○平岡
委員 新聞報道等でもそういう逮捕容疑というのが挙げられているわけでありますけれども、ただ、この
事件についてちょっと鳥瞰図的に物事を見ると、インサイダーがあったのかどうかということについてはよくはわからないんですけれども、そういう問題よりは、むしろ、既に大量に仕込んでいた株式というのを高値でうまく売り抜けた、そういう売り抜けるために何かいろいろなことをやってきたのではないかというようなところが、私は、大きな目で見たときのこの
事件の全容的なものではないのかなというふうには思うんですね。ただ、全容が全部
犯罪ということではなくて、その全容の中に細切れ的に、一部分的に
犯罪に当たる行為があったということもまたあり得ることなのかなというふうには思います。
そういう
意味で、今回の
事件については、公開買い付け等に関するインサイダー取引というような位置づけの中で今
捜査が進められている。逮捕されたということについては、それはそれとして、それを否定するものではないんですけれども、実は、こういう形で逮捕されたということで、市場
関係者とかあるいはファンドマネジャーに混乱が生じているというふうなことも聞いているわけであります。
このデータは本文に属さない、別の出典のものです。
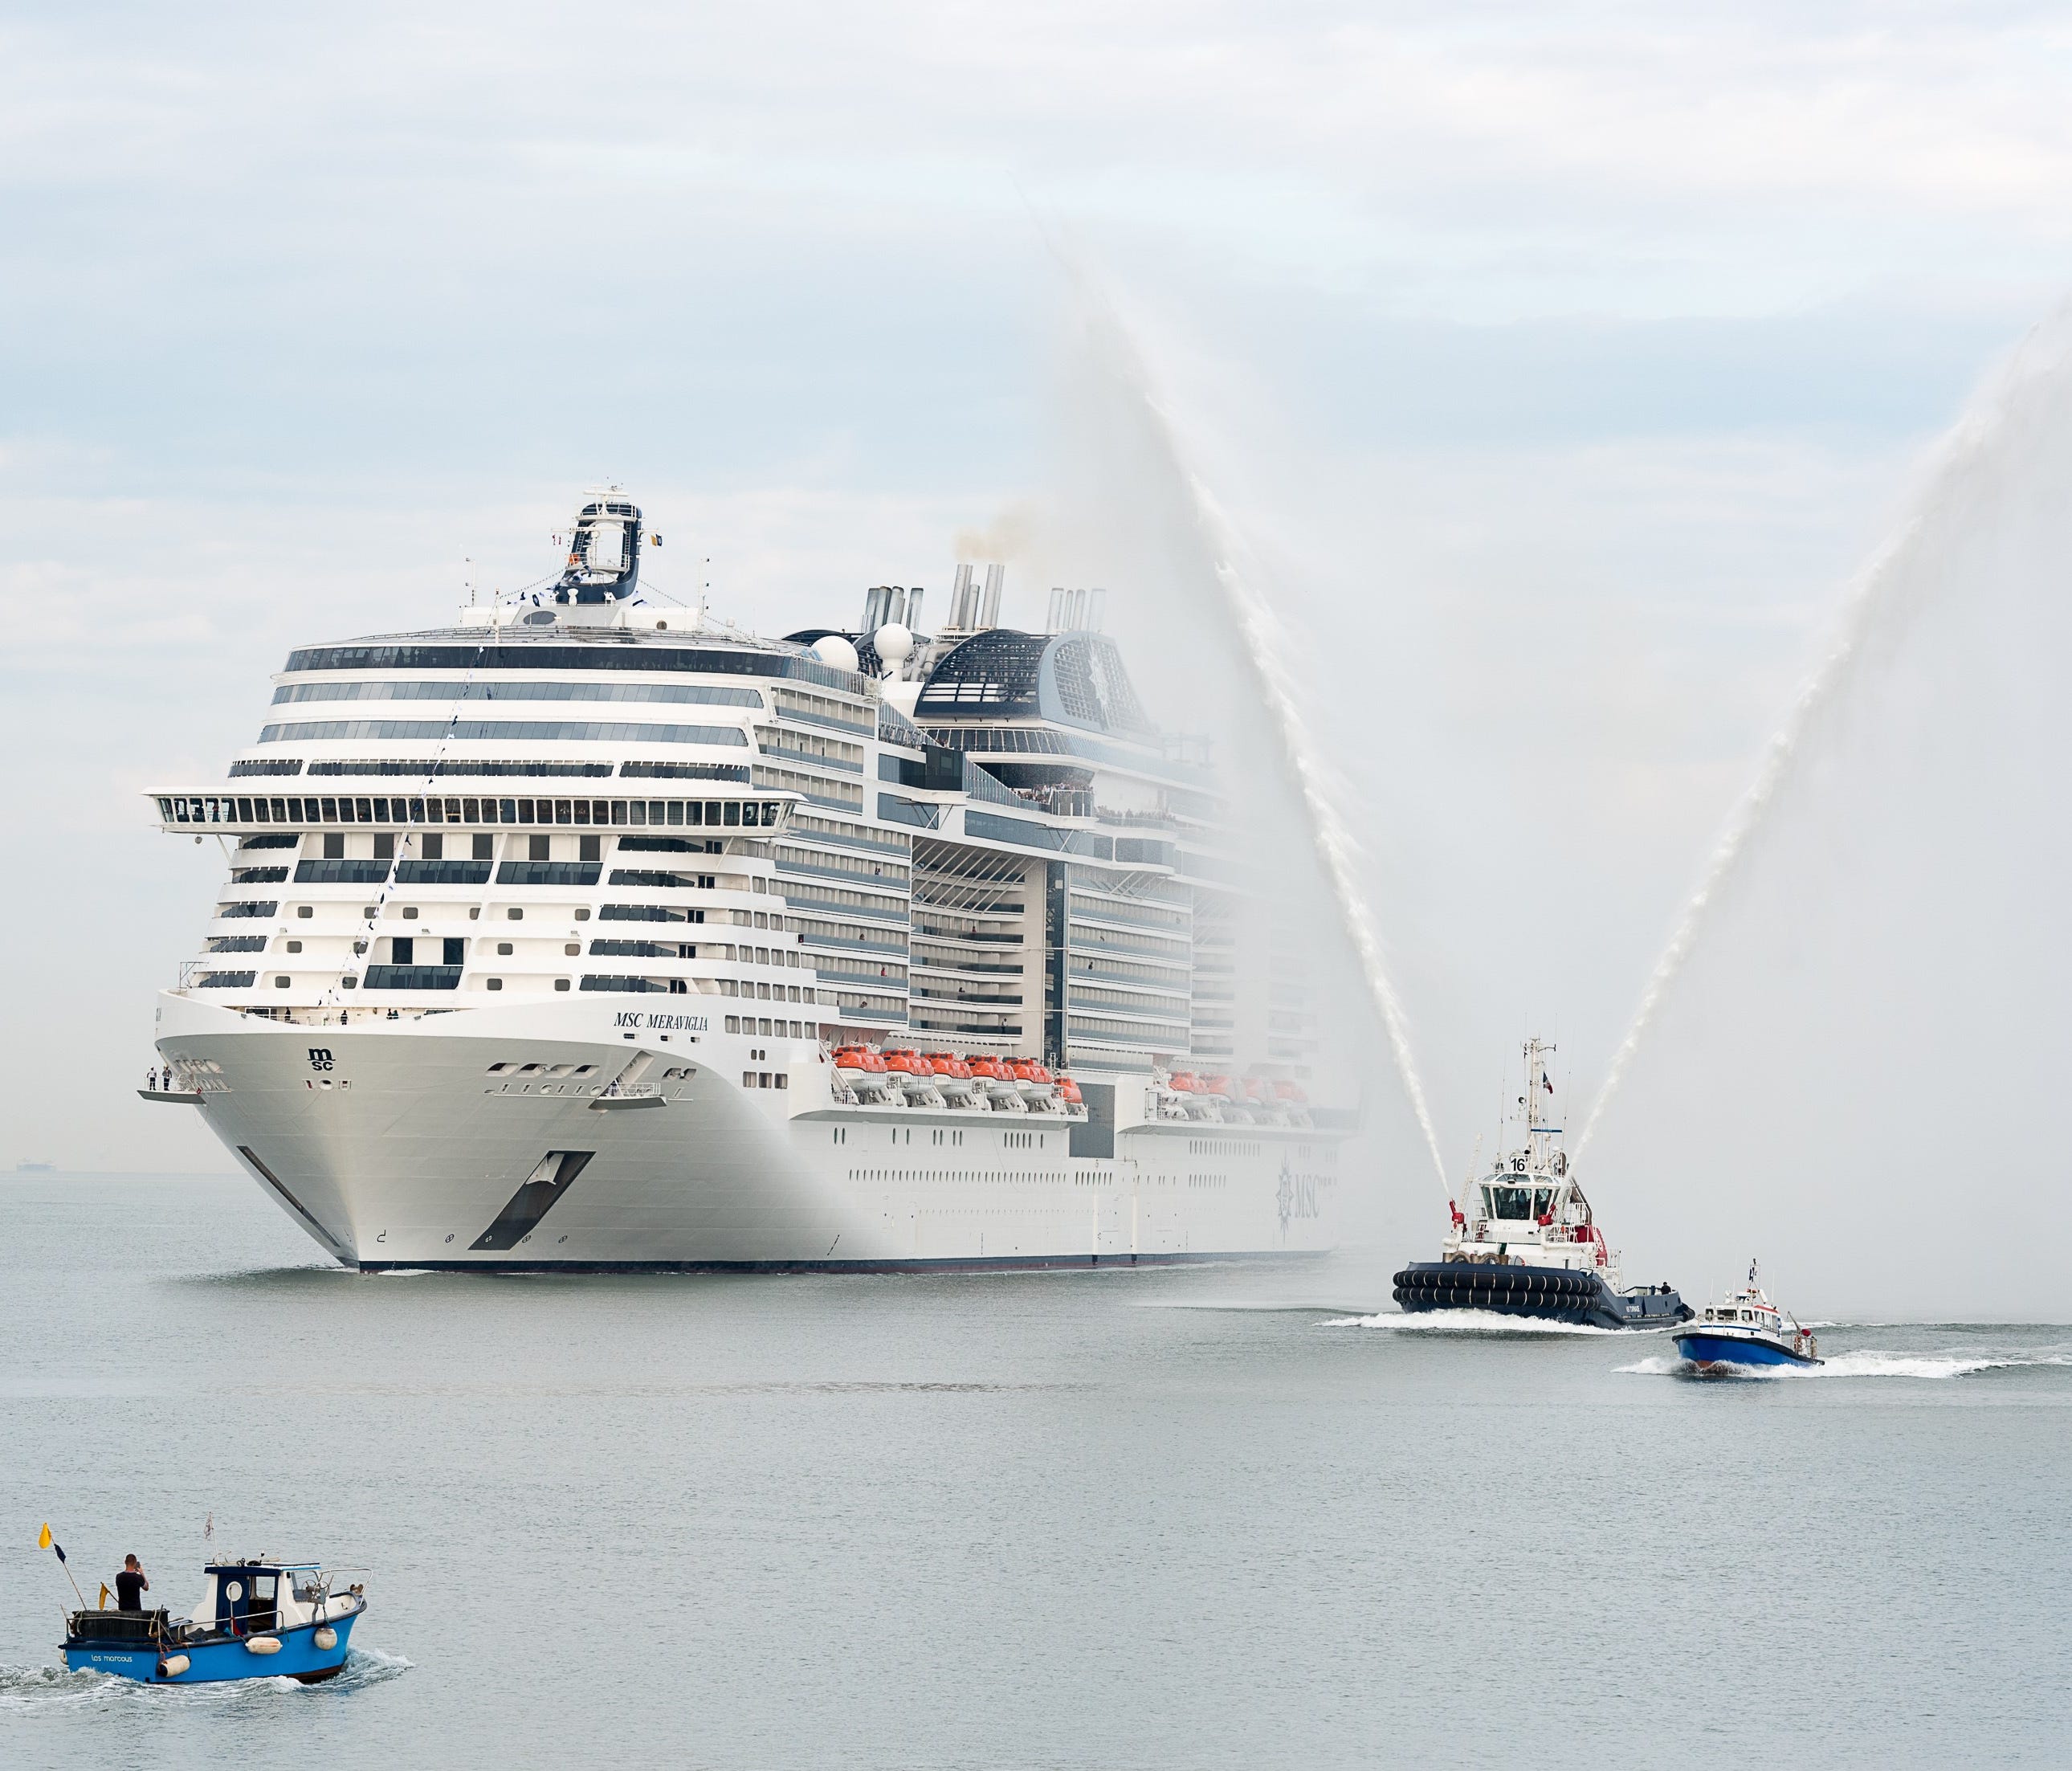 MSC Cruises' new MSC Meraviglia arrives in Le Havre, France on July 2, 2017 in advance of its christening.
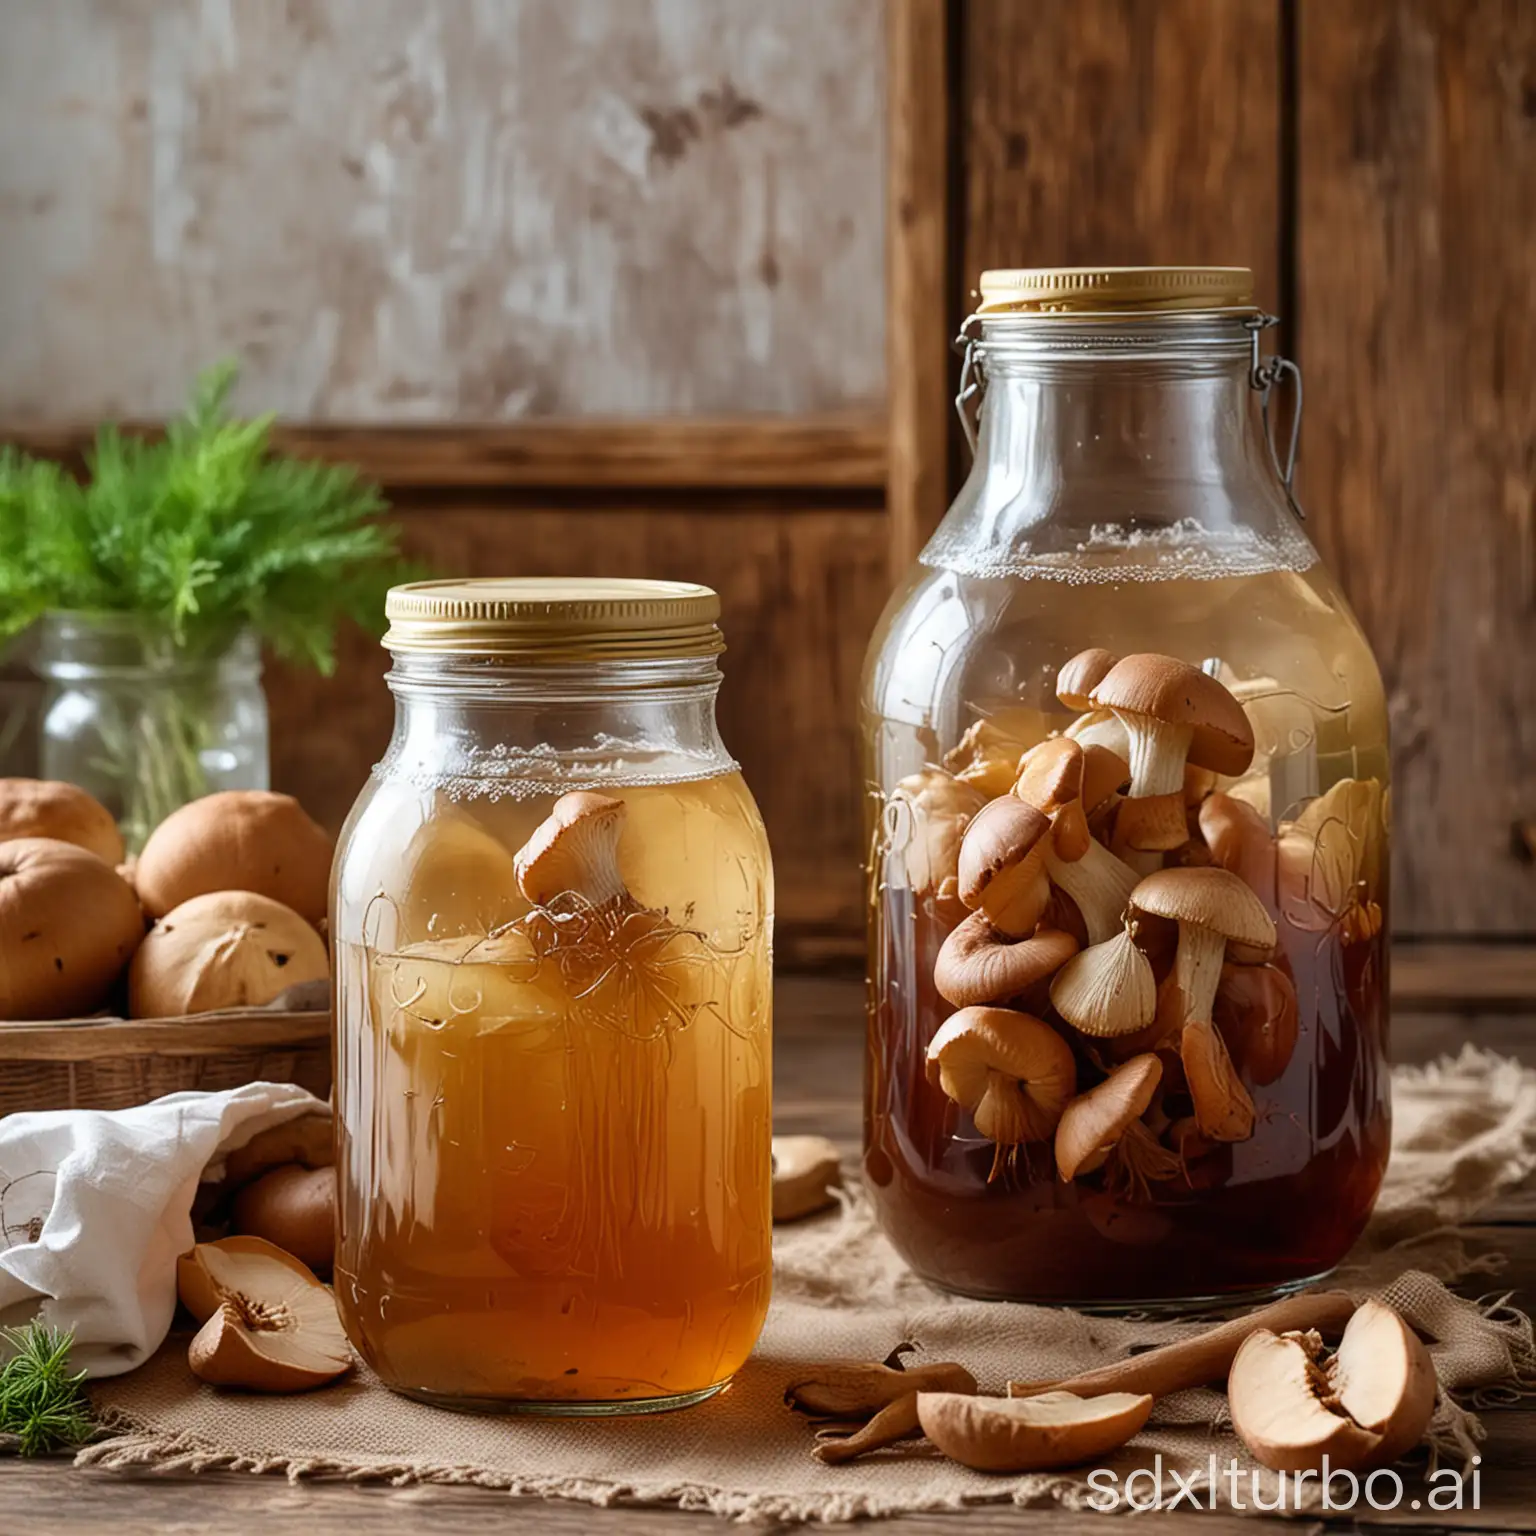 Kombucha in a 1 three-liter jar, Russian kitchen, there are 3 boletus mushrooms on the table next to the jar

すなわち、どういうことかというと、先ほど容疑事実、嫌疑事実ということを言っていただきましたけれども、先ほどありました、総株主の議決権数の百分の五以上の株券等を買い集めることについての決定をした旨の公開買い付けに準ずる行為の実施に関する事実の伝達を受けたというくだりでありますけれども、その件について、実は、
平成十一年の六月十日の日本織物加工
事件において、インサイダー取引の判例というのが出ているわけですよね。
この中では、ちょっと私も詳しくは申し上げませんけれども、株式の発行についての決定というものについてはどういうものなのかという話として、株式発行が確実に実行されるとの予測が成り立つことは要しないというようなくだりがあるというふうに聞いています。
そういうこととの
関係で今回の問題を考えてみると、公開買い付け等の実施を決定したというためにはどういう
状況が必要なのかと考えてみたときに、この判例をもとに考えれば、当該公開買い付け等が確実に実行されるとの予測が成り立つことは必要としないというような考え方も成り立ってくるだろう。そうなってくると、私が冒頭申し上げましたように、市場
関係者の方々は、そういうある程度未必的に認識したことでインサイダー取引になってしまうというようなことになってしまうと、危なくて、自分がどういうふうな資金運用をしていいのか、非常に難しくなってしまうというような問題が発生しておるということになるわけであります。
そういう
意味で、当局にお伺いしたいのは、この公開買い付け等の実施を決定したということについて言えば、当該公開買い付け等が確実に実施されるとの予測が成り立つことは要しないという従来の判例に沿った考え方というのが成り立っているんでしょうか。どういう考え方になっているんでしょうか。